I am going to try to show you just how easily logarithms can be handled and how it is possible to calculate the logarithm of any number without a table of logs or a calculator using only a single number. Before you leave the web site, please check out our main page for more interesting information in the field of science. I try to make science simple to understand, as you will see. I now reside in Nebraska, so use the contact page for help with local discussion groups or schools.

For the most part, natural phenomena behave as exponential functions. The word "exponential" shouldn't scare anyone because it is simply another way to write a number. The logarithm of a complex number is much more difficult, but we will deal with real numbers which are not so difficult to understand as some believe. With the knowledge gained here, you will then be able to cover any finite range of numbers! Later we shall also see how decibels are a way to define power levels in the form of logarithms. Now we will now find the first digit of a logarithm, which is very easily obtained:

1. Deriving the First Digit of the Logarithm: Since we generally count from one to ten, the number 10 will be the "base" number (B =10). The log of the number 1 is zero. The log of 10 is the number "1", which can also be written log(10) = 1. Thus log(100) = 2, log (1000) = 3 and so on. What could be more simple?

Now let's go in the other direction where we handle numbers that are less than one. The log of 0.1 is the log (1/10) = (-1), The log (1/100) = (-2), and the log (1/1000) = (-3). The base number need not be decimal (base 10), and it is easy convert any base number, which is something that we will do later.
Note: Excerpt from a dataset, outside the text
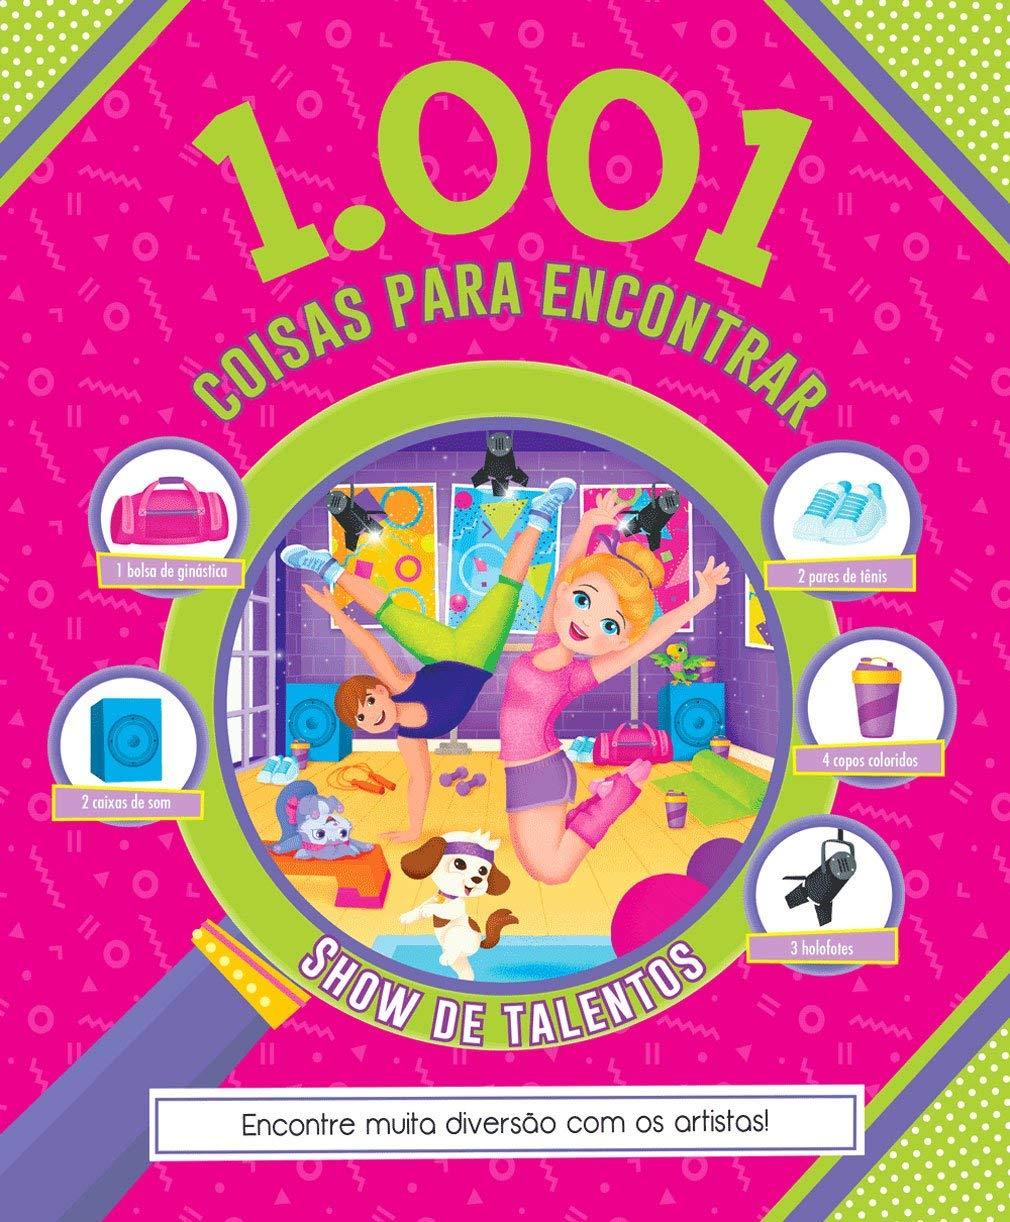 1001 COISAS PARA ENCONTRAR - SHOW DE TALENTOS

Adding logarithmic values correlates to multiplication. The first number of the logarithm of a number N is the number of times the base number is multiplied. Here are some examples: For base 10 we can write log(10) = 1.0, log(100) = 2.0, and log(1000) = 3.0. We have just calculated three exact log values of N for these simple cases. In fact, calculating the log of N was easier than the process of multiplying or dividing one number by another using the methods of arithmetic. If the log number is 3, it is simply the number of decimal places for N = 1000. For numbers less than one, the logarithms are negative and log(0.1) = -1, log(0.01) = -2, and log(0.001) = -3. The intermediate point is log (1) = 0. Numbers are seldom whole numbers, and there is a way to handle these numbers, as will be seen later. For example, if N is between 10 and 100, the log(N) is between 1.0 and 2.0.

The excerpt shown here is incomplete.